Most of the time ... It happens in a plain ordinary car with plain ordinary mechanical door latches, and the dog or child doesn't know how to work it. So, the original poster wants to have the car call emergency services automatically because I left an inanimate package on the back seat. How is this hypothetical system supposed to distinguish a child/dog from any other object that isn't part of the car? (Hint: There is no way to do this with complete reliability.) What if I want the child/dog to stay in the car at a petrol station?
Or it has plain ordinary rear door child safety locks that mechanically block the back doors from opening from inside. Do you want to ban those? How many deaths from kids being locked inside, versus the number that could foreseeably happen because a child opens the door and jumps out of the car on the motorway? (That's the reason child safety locks were introduced!)
My Chevy Bolt, every once in a while, under circumstances where there might be someone left in the back seats after the driver turns off the car and opens the driver's door, beeps and pops up a warning on the instrument cluster "Check rear seats". I haven't completely sussed out the logic it uses to do this, but every time it has, I can see how prior events could have been interpreted as a possibility of someone being back there who hasn't gotten out before the driver. (There never actually has been a person back there who has been forgotten about.)
Personal responsibility, folks.
RE: When will mechanical inside escape handles become mandatory?
I agree with this 100% for all the reasons stated.
RE: When will mechanical inside escape handles become mandatory?
This is undeniably false.
The Bolt is programmed to report if you have stupidly used the rear door immediately before starting the car and then don't check later. It's as American a development as the stranglematic and ejectomatic seatbelts.

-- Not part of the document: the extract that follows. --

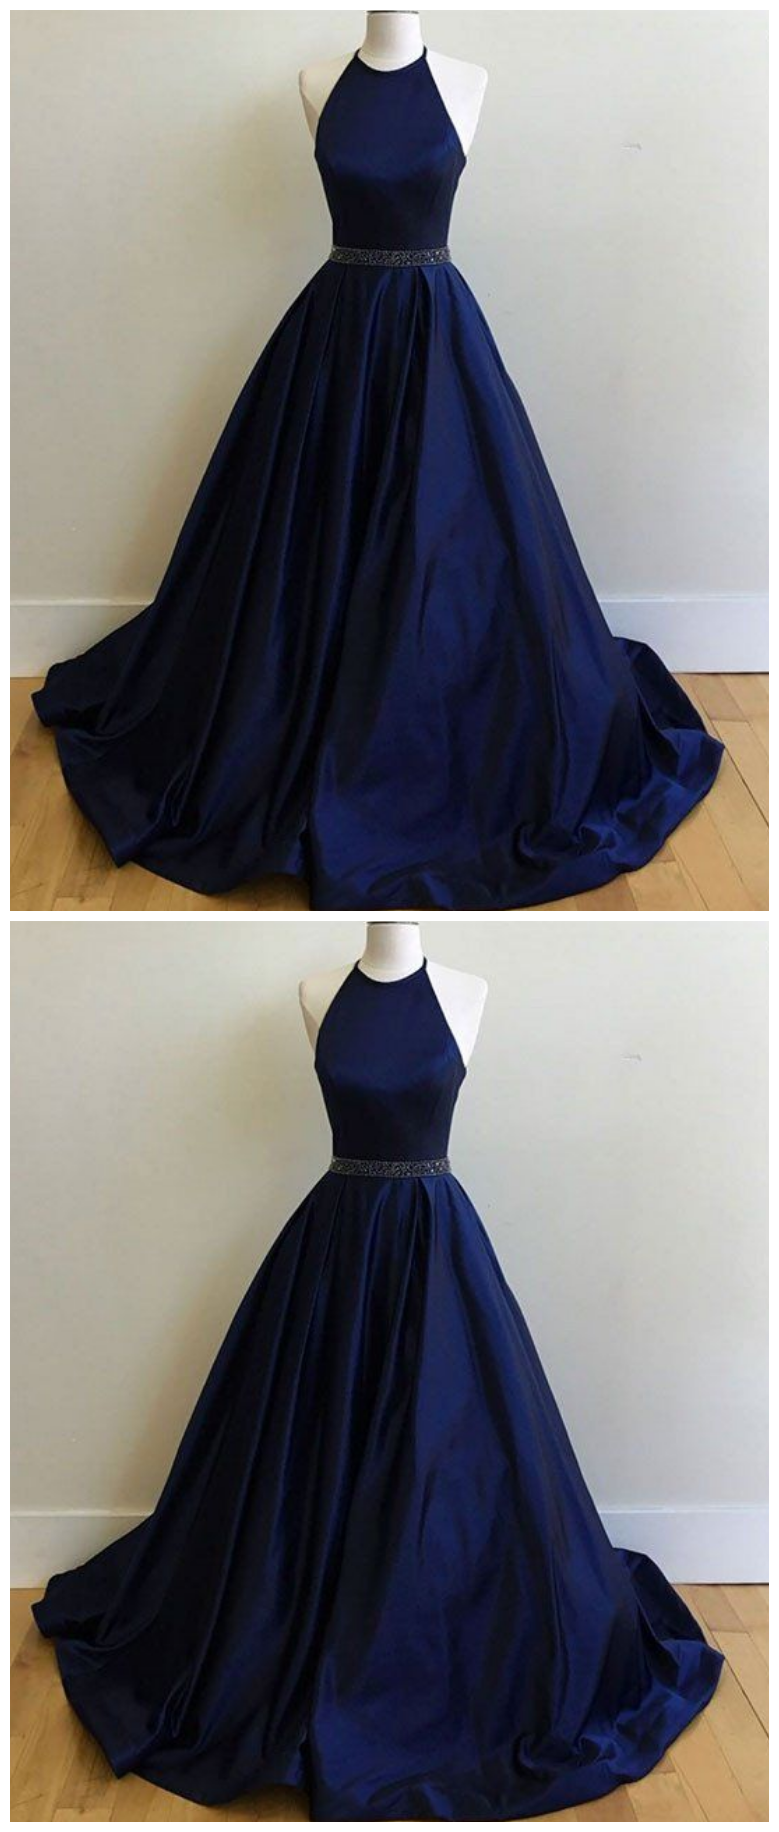 Charming Prom Dress,sexy Prom Dress, Simple Halter Prom Dress, Navy Prom Dresses, Ball Gowns
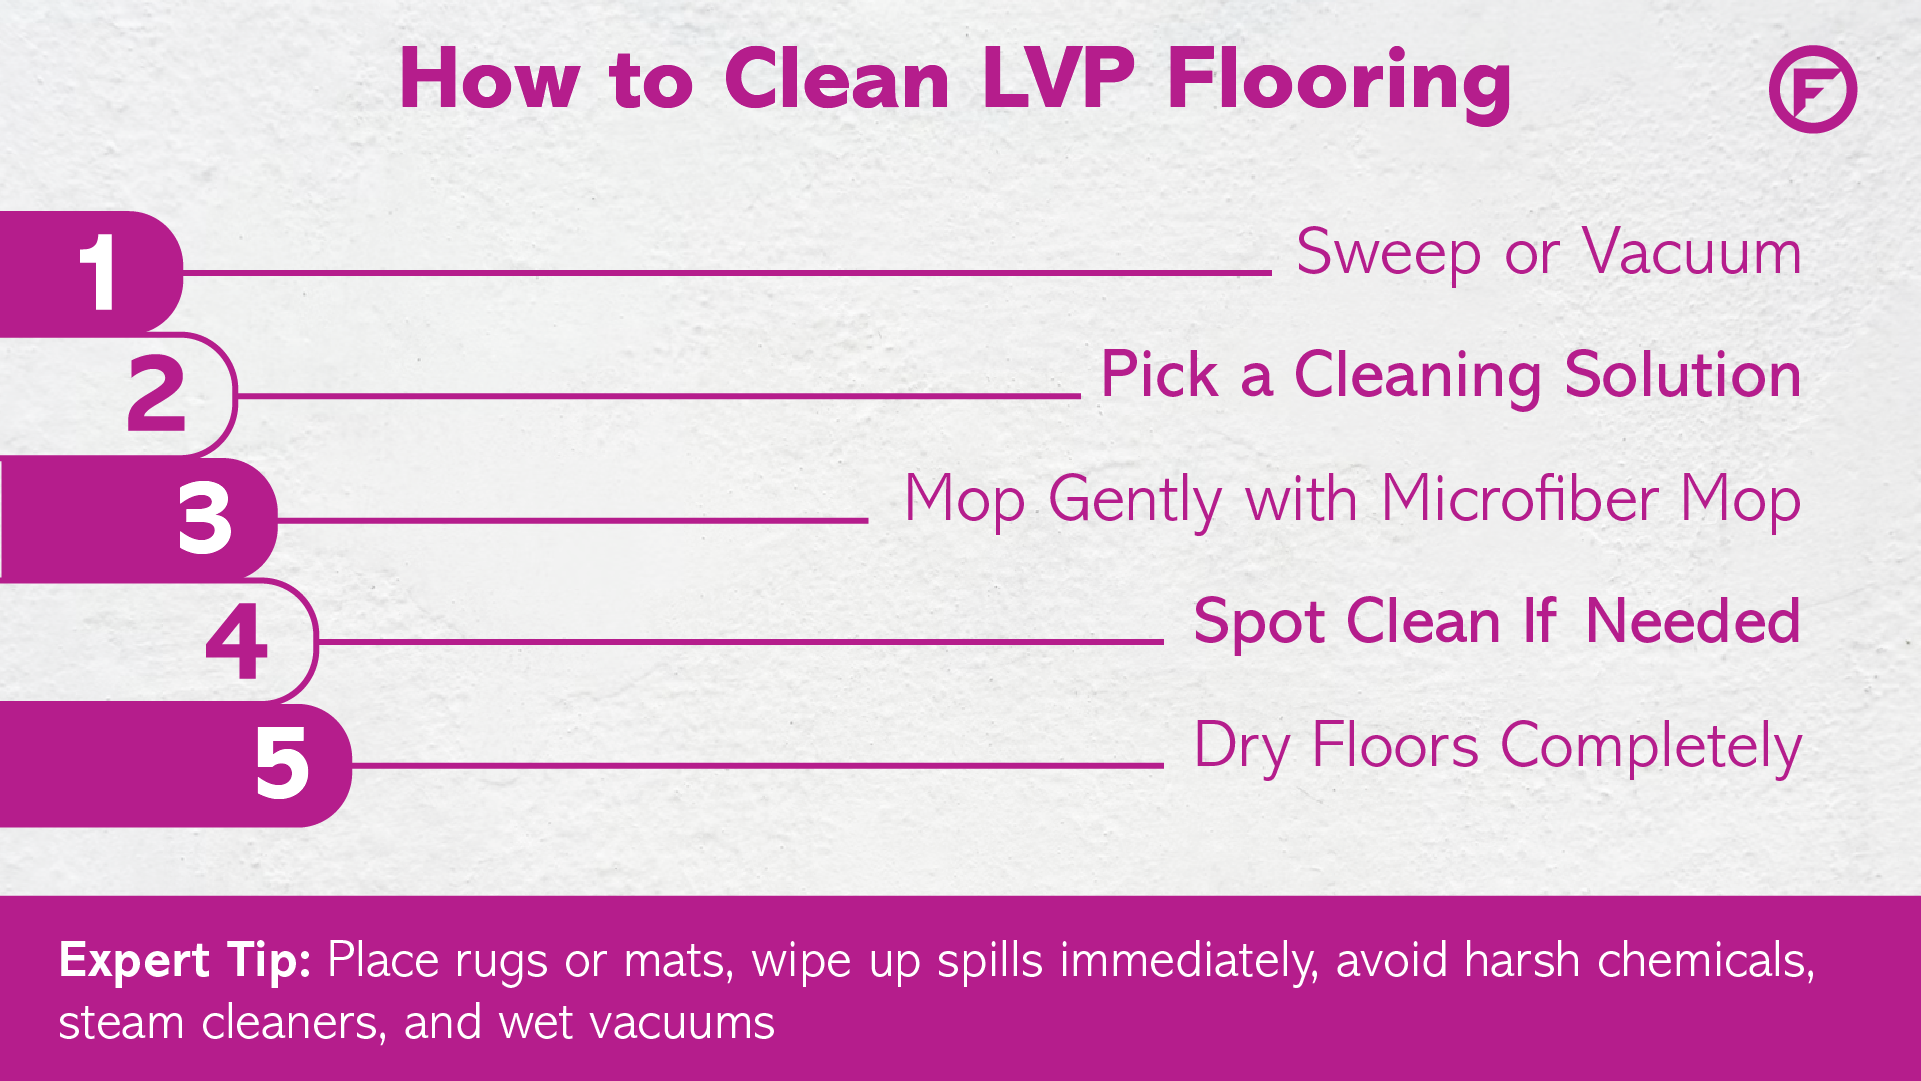 How to Take Care of and Clean Your New Luxury Vinyl Flooring: Tips and  Recommendations

GM didn't realize the buyers would fail to read the user manual - talk about a lack of personal responsibility.
https://www.chevrolet.com/support/vehicle/security...
It is typical of American companies to deliver a feature in a way that fails at the primary mission - detecting an infant or child locked in a car and trapped in a car seat, unable to realize they are about to suffer an agonizing death.
RE: When will mechanical inside escape handles become mandatory?
It is not possible to detect whether a pet or child is inside the car with complete reliability, and the GM system was never meant to even attempt to do so.
RE: When will mechanical inside escape handles become mandatory?
Perhaps calling for help is too much - but the sense I get is the fear of a political "nanny state" is the real sore point.
Microwave sensors can detect the slight movement of breathing. Gas detectors can detect the slight increase in CO2.
Most interesting about a CO2 detector is, while it won't detect CO, CO is rarely the primary exhaust component, so a CO2 detector could be used to alert the driver or occupants of the car to a buildup of an otherwise undetectable, by humans, dangerous gas.
If expense for lab quality sensors is seen as a problem, compare to the cost of a fuel injector that you build one of vs the cost of a mass-produced unit. The makers would probably also use them to regulate fresh air to keep the interior from becoming stuffy, the way that ABS can be used instead of limited slip for traction control.